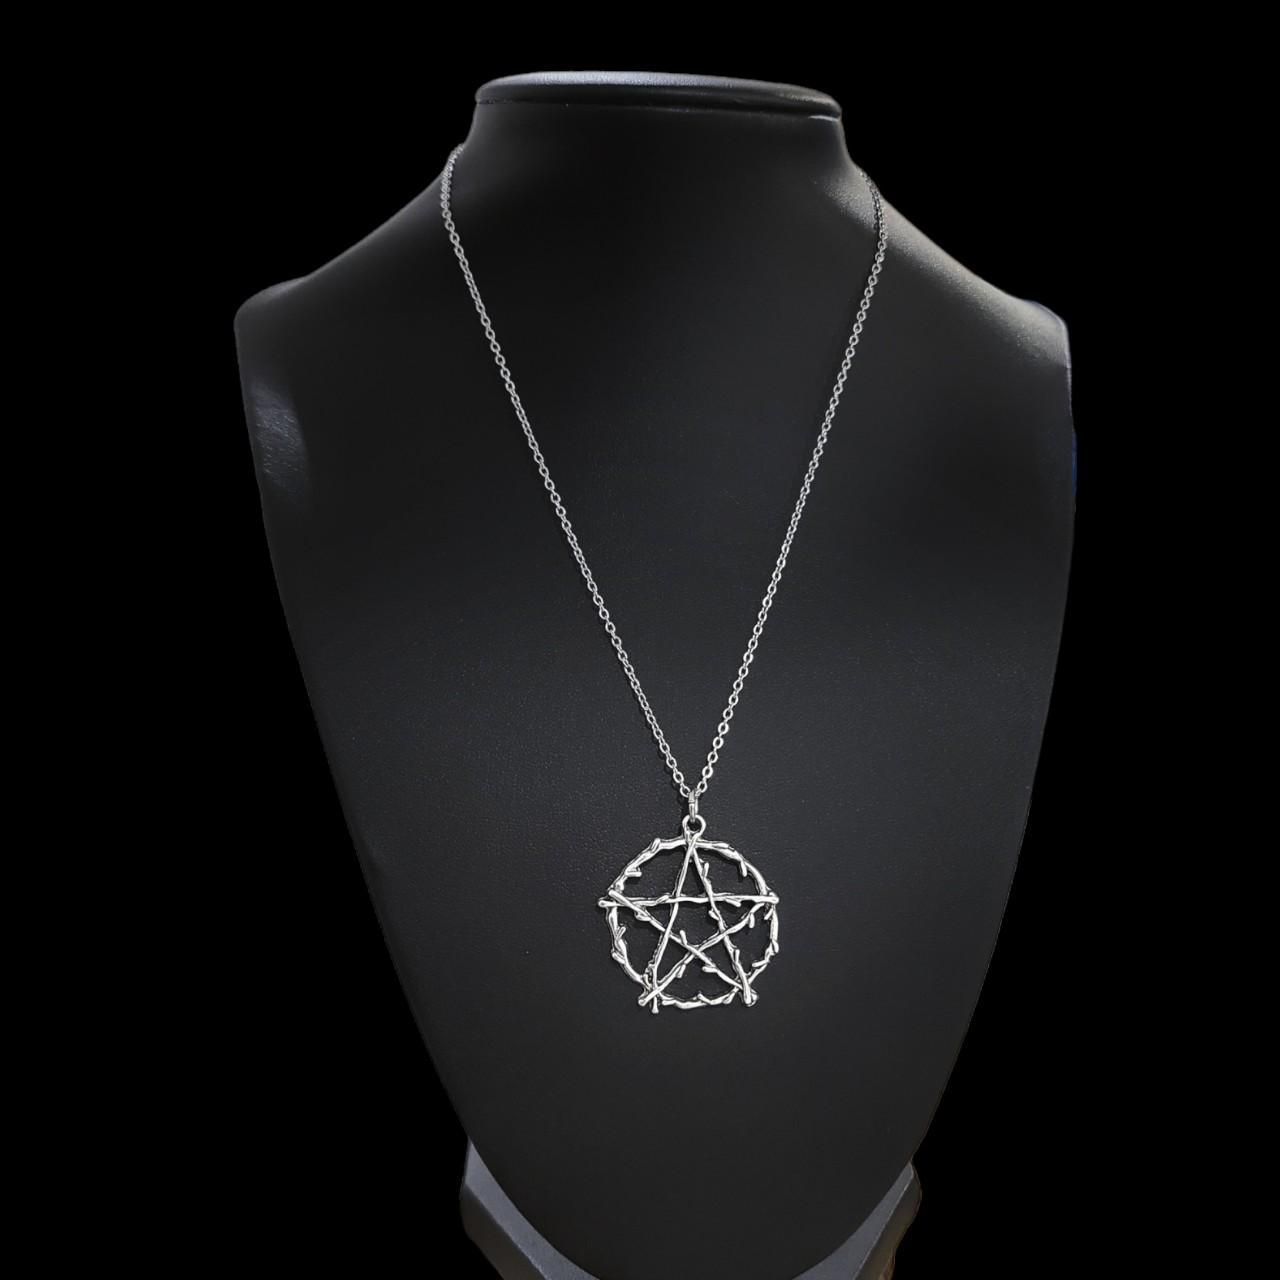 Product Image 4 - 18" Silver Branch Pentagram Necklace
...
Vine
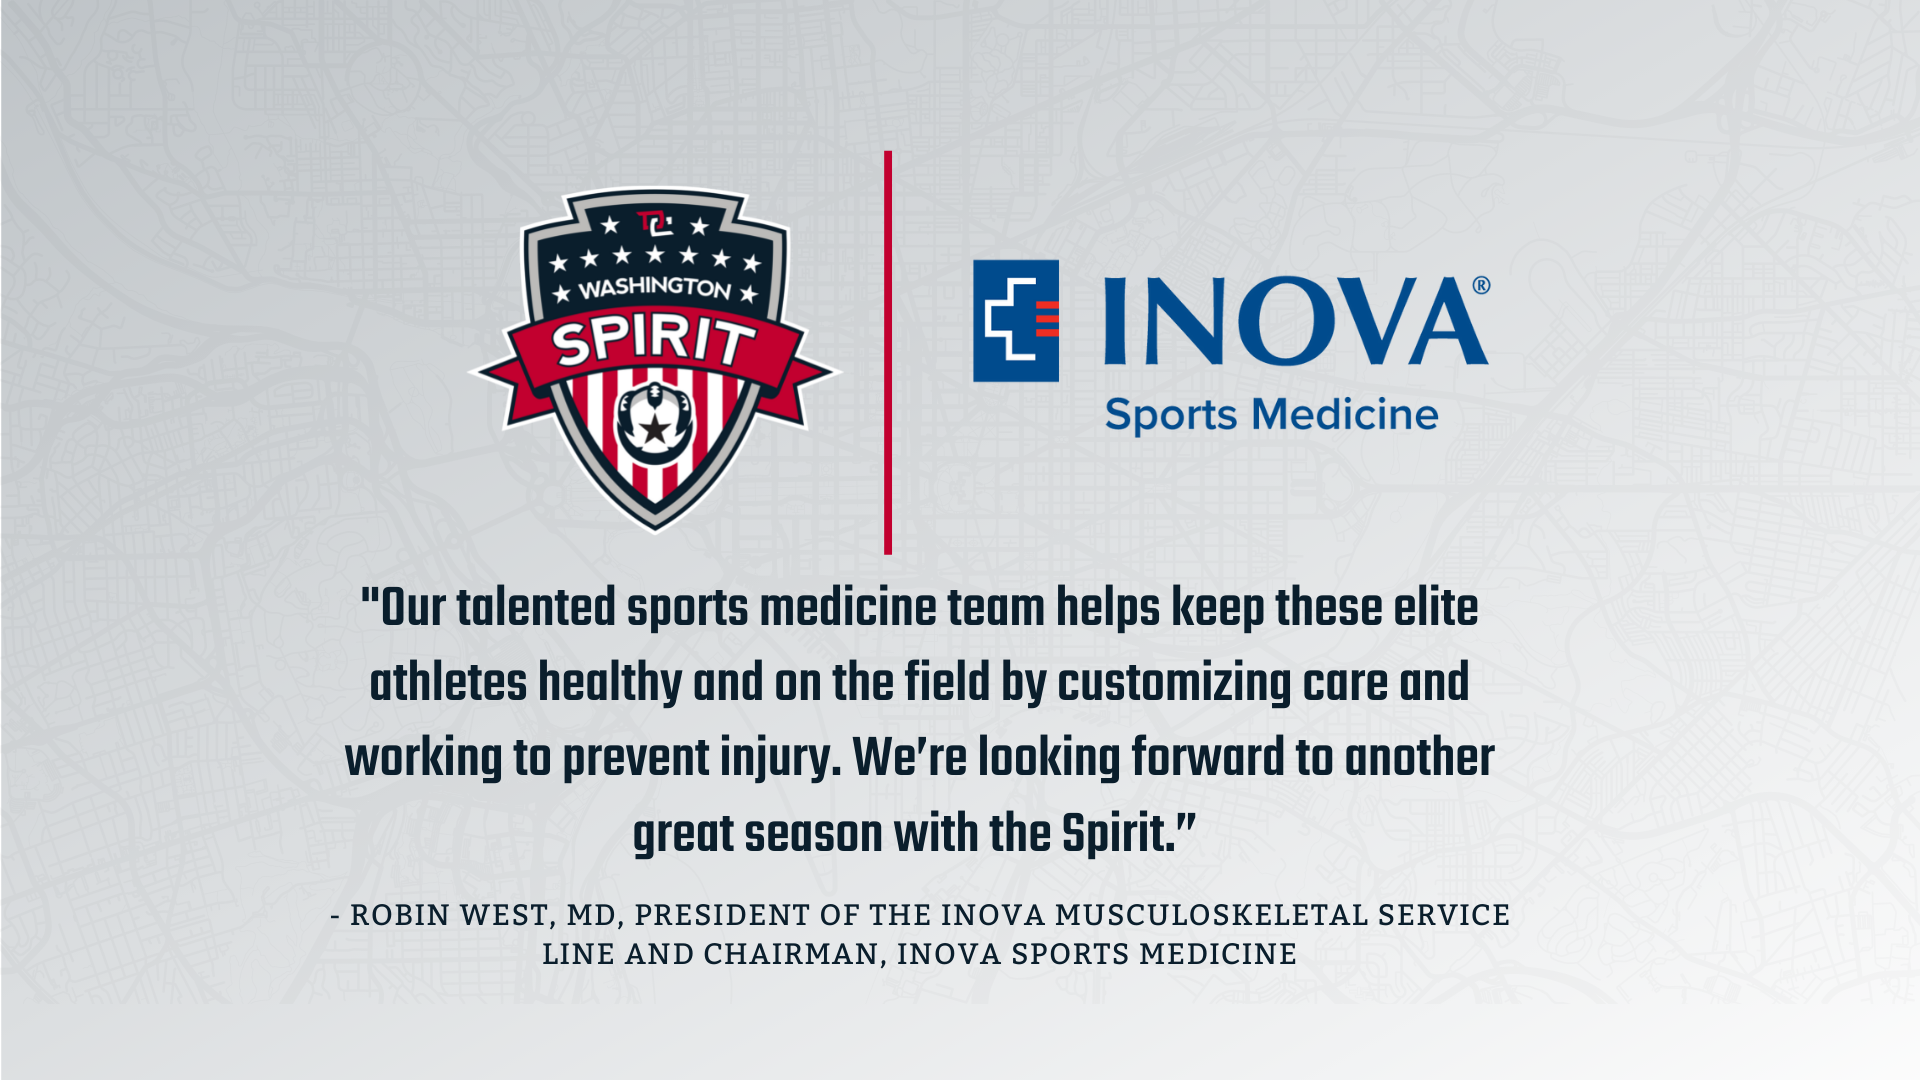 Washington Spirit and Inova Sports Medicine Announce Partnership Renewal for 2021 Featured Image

» Work order: Return the listing above word for word. Keep the images out.

» Finished task:
 Product Image 4 - 18" Silver Branch Pentagram Necklace
...
Vine
 Washington Spirit and Inova Sports Medicine Announce Partnership Renewal for 2021 Featured Image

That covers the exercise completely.